The human thyroid carcinoma cell line NPA (14) was grown in DMEM supplemented with 10% FCS. For GDNF or PDGF stimulation, the cells were starved for 20 h in F12 medium and 0.5% FCS. Stimulation with 50 ng/ml GDNF (Alomone Labs) or 50 ng/ml PDGF (Upstate Biotechnology) was performed for 10 min.

RNA Extraction and RT-PCR Analysis.
Each frozen biopsy was mechanically disrupted in a Mikro-Dismembrator II (B. Braun) containing liquid nitrogen. Total RNA was extracted by the Ultraspec II (Biotecx Laboratories) according to the manufacturer’s instructions. RT-PCR was performed as follows: 5 µg of total RNA were reverse-transcribed at 42°C for 50 min in the presence of 500 ng of random hexamers and Superscript II reverse transcriptase (Life Technologies, Inc.) in a final volume of 20 µl. Two µl of the cDNA reaction were then subjected to 30 PCR cycles (30 s at 95°C, 30 s at 56°C, and 1 min at 72°C) using the AmpliTaq Kit (Perkin-Elmer) and 0.4 µmol/liter specific primers. The following primers were used in RT-PCR experiments: RETTM1 (5'-CTGTCCTCTTTCCCCTCATC-3') and RETC2 (5'-TGCAGGCCCCATACAATTTG-3') for the amplification of proto-RET only; RETC1 (5'-TGGGAATCCCTCGGAAGAA-3') and RETC2 for the amplification of both the proto- or oncogenic version of RET being designed on the tyrosine kinase domain of RET; Aldo/F (5'-CGCAGAAGGGGTCCTGGTGA-3') and Aldo/R (5'-CAGCTCCTTCTTCTGCTGCGGGGTC-3') for the amplification of the aldolase A housekeeping gene; GDNFR1 (5'-AGCATGTACCAGAGCCTGCAG-3') and GDNFR2 (5'-TCGTTCTTCATAGGAGCACAC-3') for the amplification of GFR1; TRNR2r (5'-CCAGTGTCATCACCACCTGCACG-3') and TRNR2H3 (5'-AGCCGACGGTCTGGCTCTGCTGG-3') for the amplification of GFR2; EST10 (5'-ACTGTCCTGCTCTTTGAACC-3') and RET39 (5'-TGGACTCAGTACTTCGACC-3') for the amplification of ELE1/RET; and RET56 (5'-TGCCCCTTCAGTGTTCCTACT-3') and EST4 (5'-CTTGATAACACTGGCAGGTT-3') for the amplification of RET/ELE1. PCR products were electrophoresed on a 3% agarose gel containing ethidium bromide (0.5 µg/ml) and visualized under UV light.

Genomic PCR Analysis.
High-molecular weight DNA was extracted following standard procedures.

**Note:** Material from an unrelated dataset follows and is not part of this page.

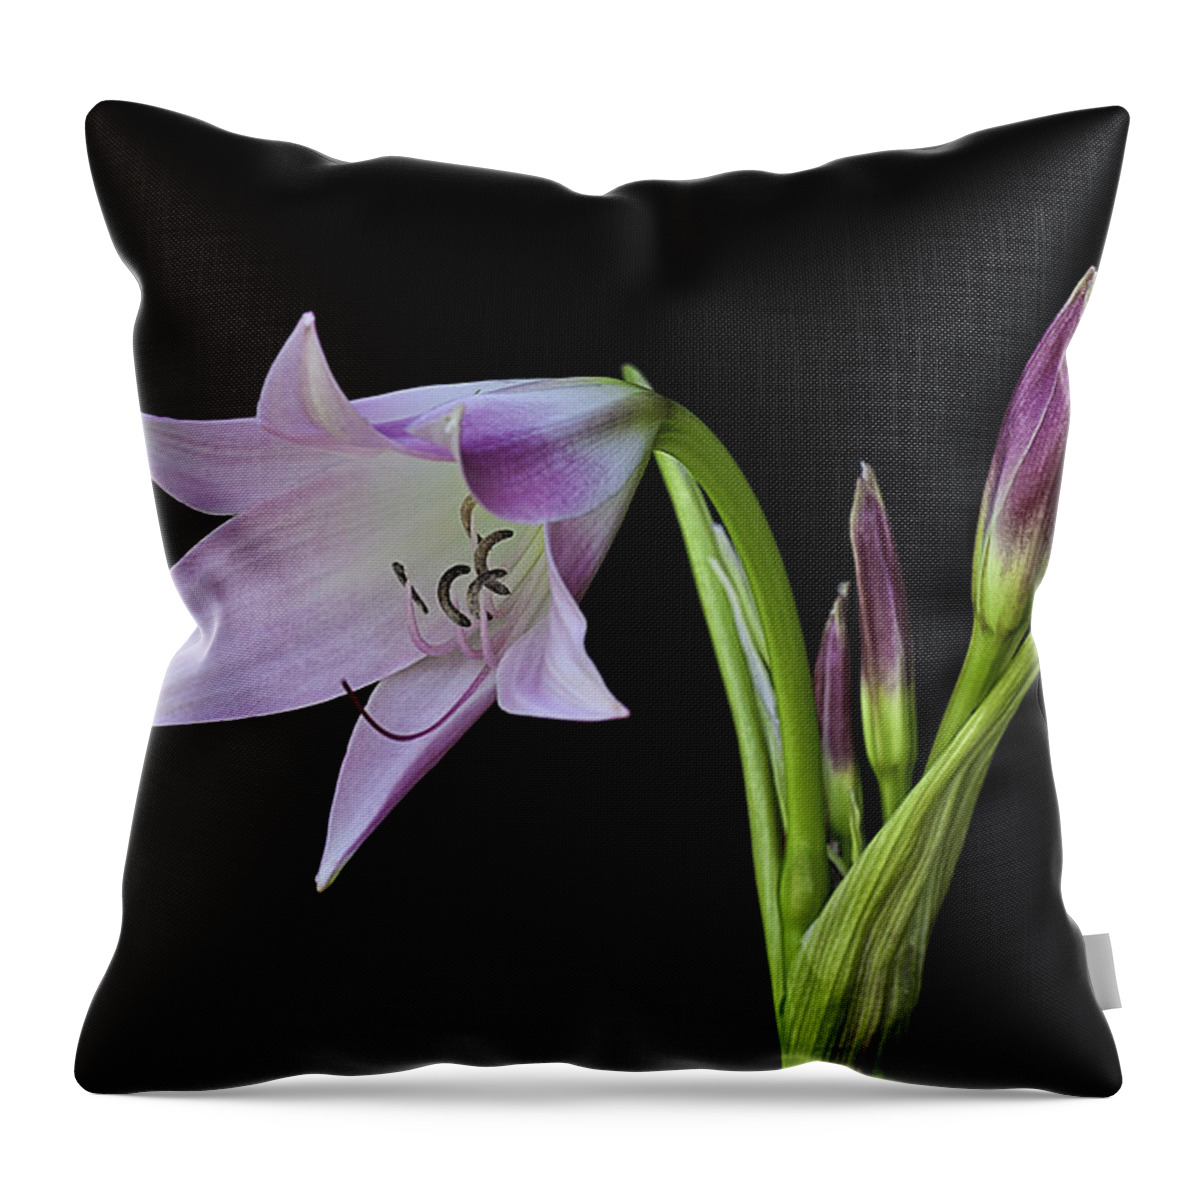 Pink Floyd Throw Pillow featuring the photograph Budding Lily by Ken Barrett

ELE1/RET and RET/ELE1 fragments containing the breakpoints were amplified using the following primers: EST10 (5'-ACTGTCCTGCTCTTTGAACC-3') and RET39 (5'-TGGACTCAGTACTTCGACC-3') for ELE1/RET; and RET56 (5'-TGCCCCTTCAGTGTTCCTACT-3') and EST4 (5'-CTTGATAACACTGGCAGGTT-3') for RET/ELE1.

Sequencing.
For sequencing reactions, a dye terminator cycle sequencing ready reaction kit (ABI Prism) was used. Reaction products were then analyzed using the ABI Prism 377 fluorescent DNA sequencer (Perkin-Elmer).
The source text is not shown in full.